The restart collectd: sudo service collectd restart

Add Slack error reporter

There's a script that report all errors in the log to a Slack channel.

Create the script on the server (slack.sh) and make sure to change the start of the text to the type of testing you do on the server, in this example the test is hetzner-1-baremetal:

#!/bin/bash

tail -n0 -F "$1" | while read LINE; do
  (echo "$LINE" | grep -A 3 -e "$3") && curl -X POST --silent --data-urlencode \
    "payload={\"text\": \"hetzner-1-baremetal $(echo $LINE | sed "s/\"/'/g")\"}" "$2";
done

Make the bash script runnable: chmod +x slack.sh

Start the script and make sure to change the SECRET_TOKEN part to the token for the Slack channel (you can find the correct token on the other servers):

nohup nice ./tail-slack.sh "/tmp/sitespeed.io.log" "https://hooks.slack.com/services/SECRET_TOKEN" "ERROR:" > /tmp/s.out 2> /tmp/s.err < /dev/null &

Now you will get all error logs reported to the Slack channel.

Enable the firewall

Enable the firewall by accepting only incoming SSH traffic.

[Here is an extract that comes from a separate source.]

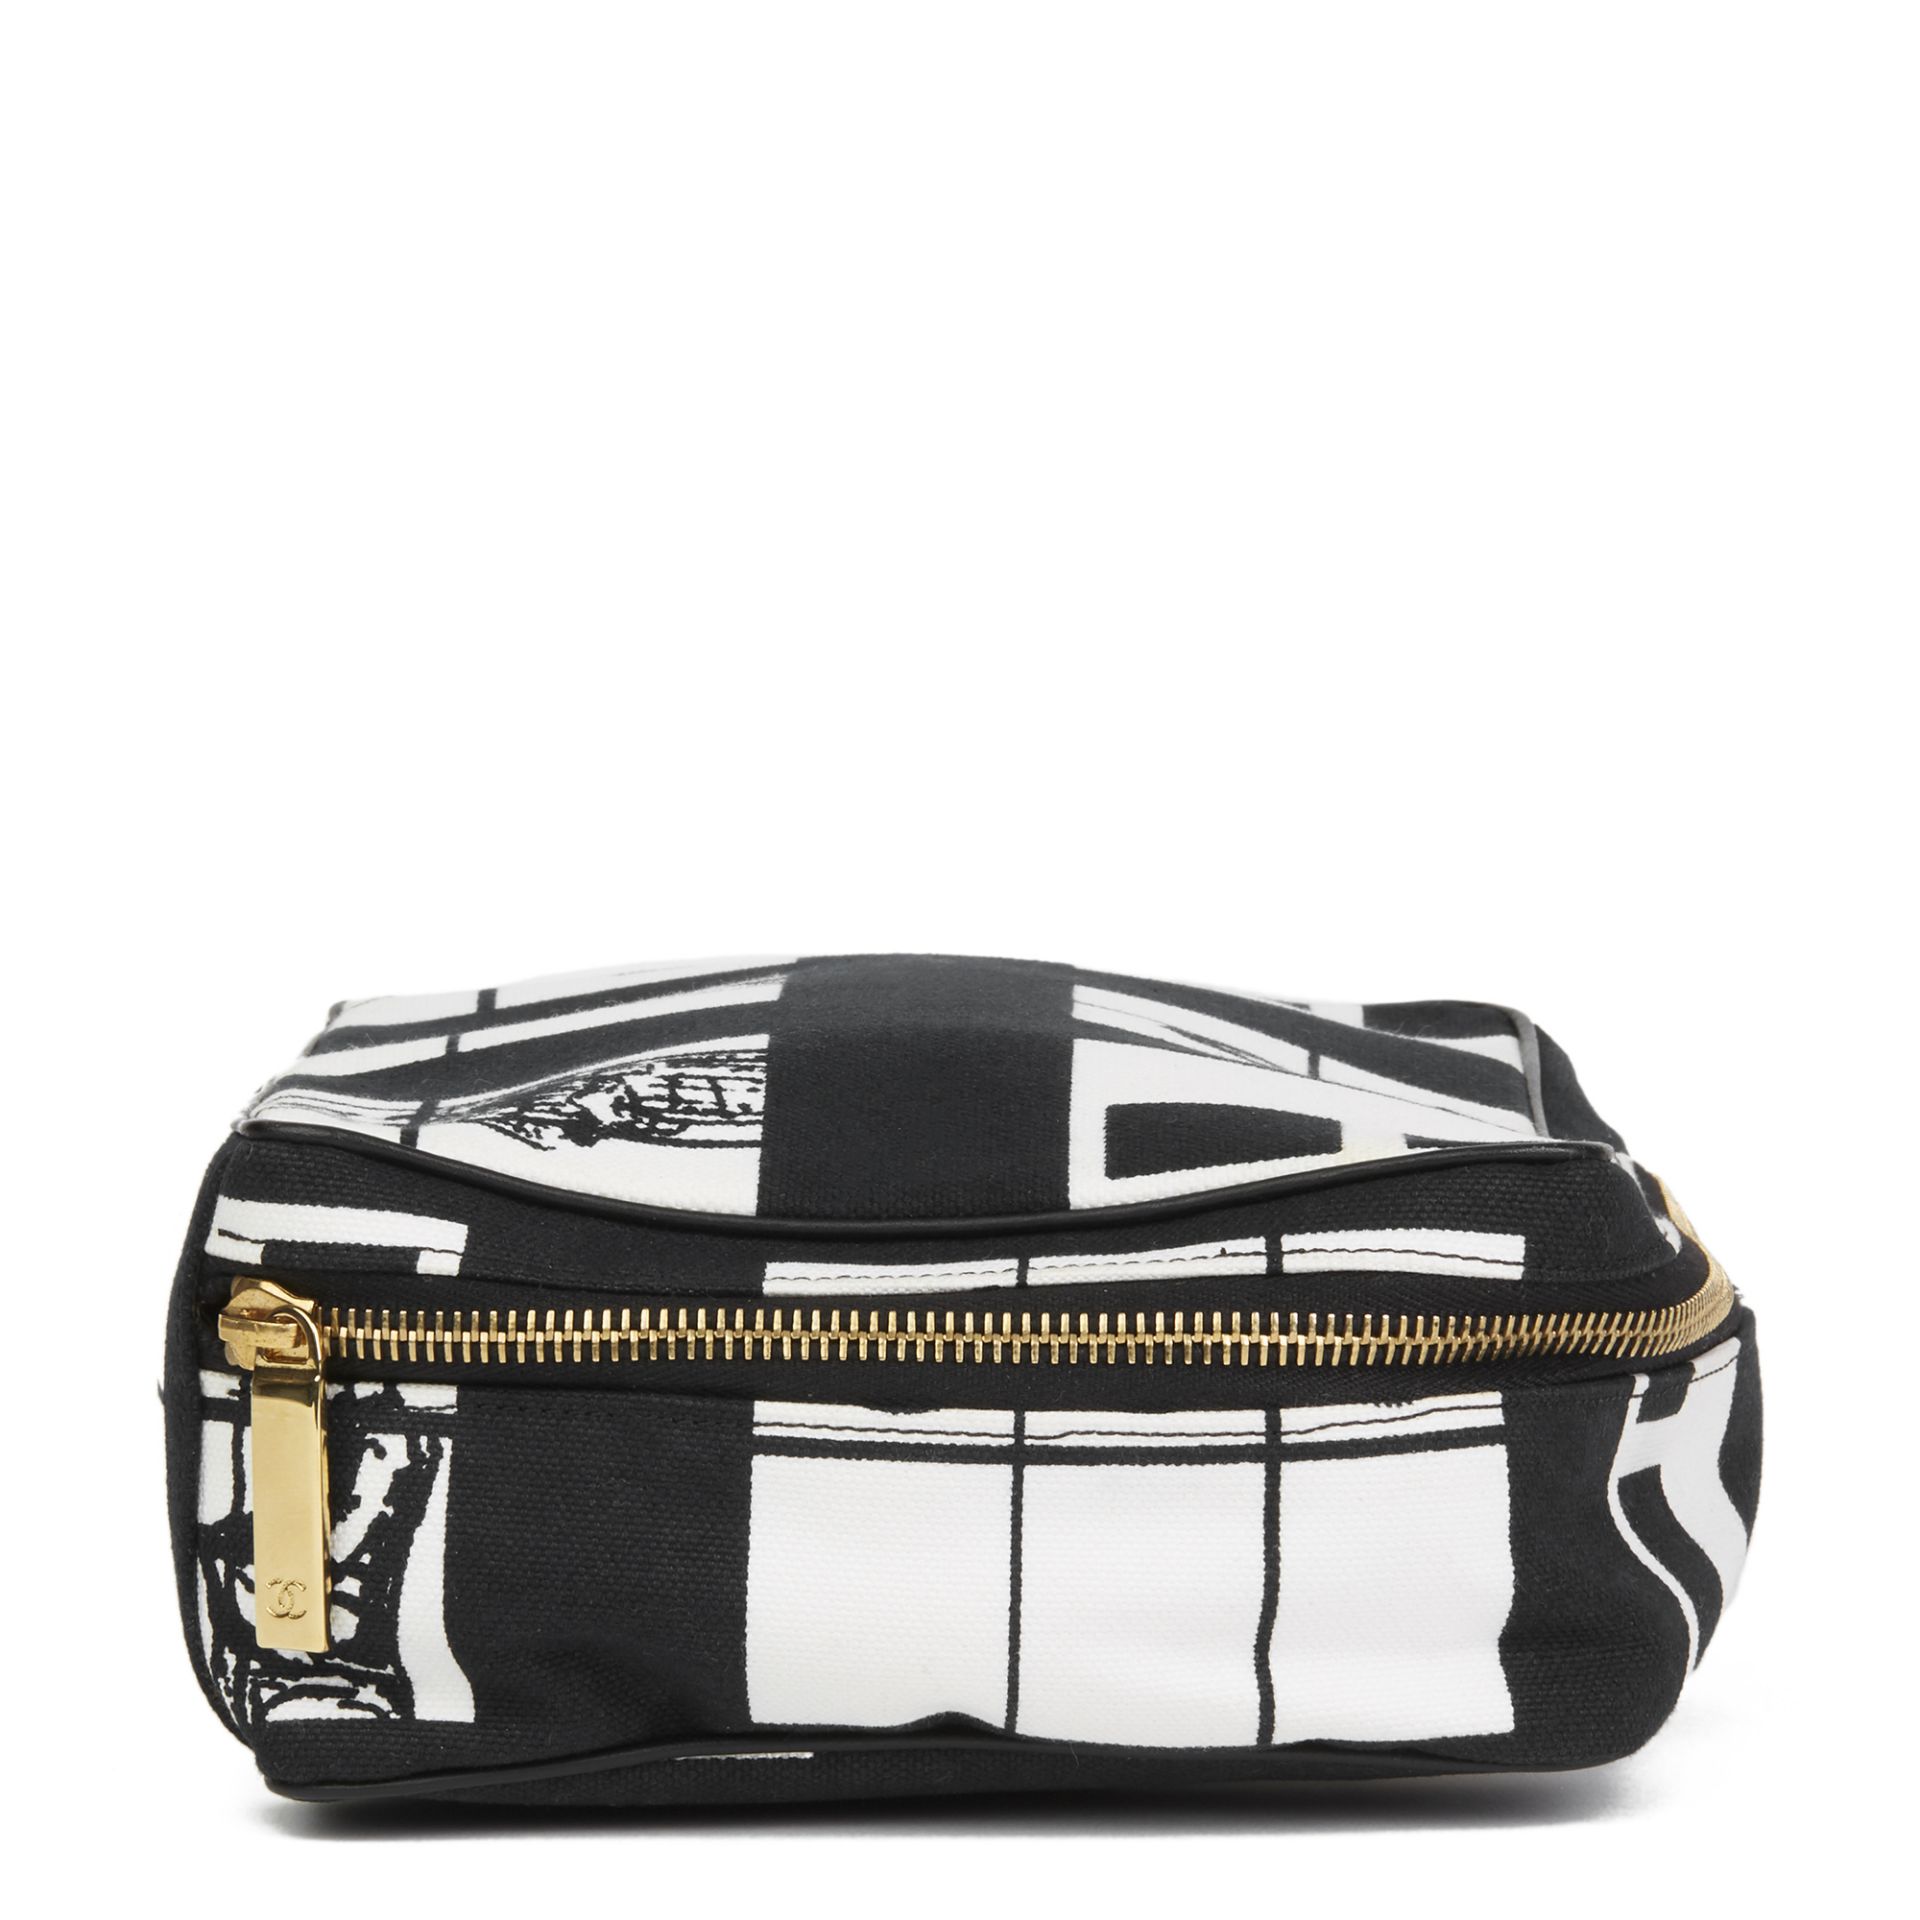 Chanel Black & White Canvas 'Window Line' Toiletry Pouch - Image 10 of 11

sudo ufw default allow outgoing
sudo ufw default deny incoming
sudo ufw allow ssh
sudo ufw enable

Add configuration and baseline directories

The server needs to have a configuration directory with a secret.json file that handle our secrets. Create the directory and make sure the sitespeed.io user owns the directory.

mkdir /config
chown sitespeedio:sitespeedio /config

Then copy the secret.json file from one of the other servers. If the server run baseline tests, it also needs to have the baseline directory (where baseline data is stored).

mkdir /baseline
chown sitespeedio:sitespeedio /baseline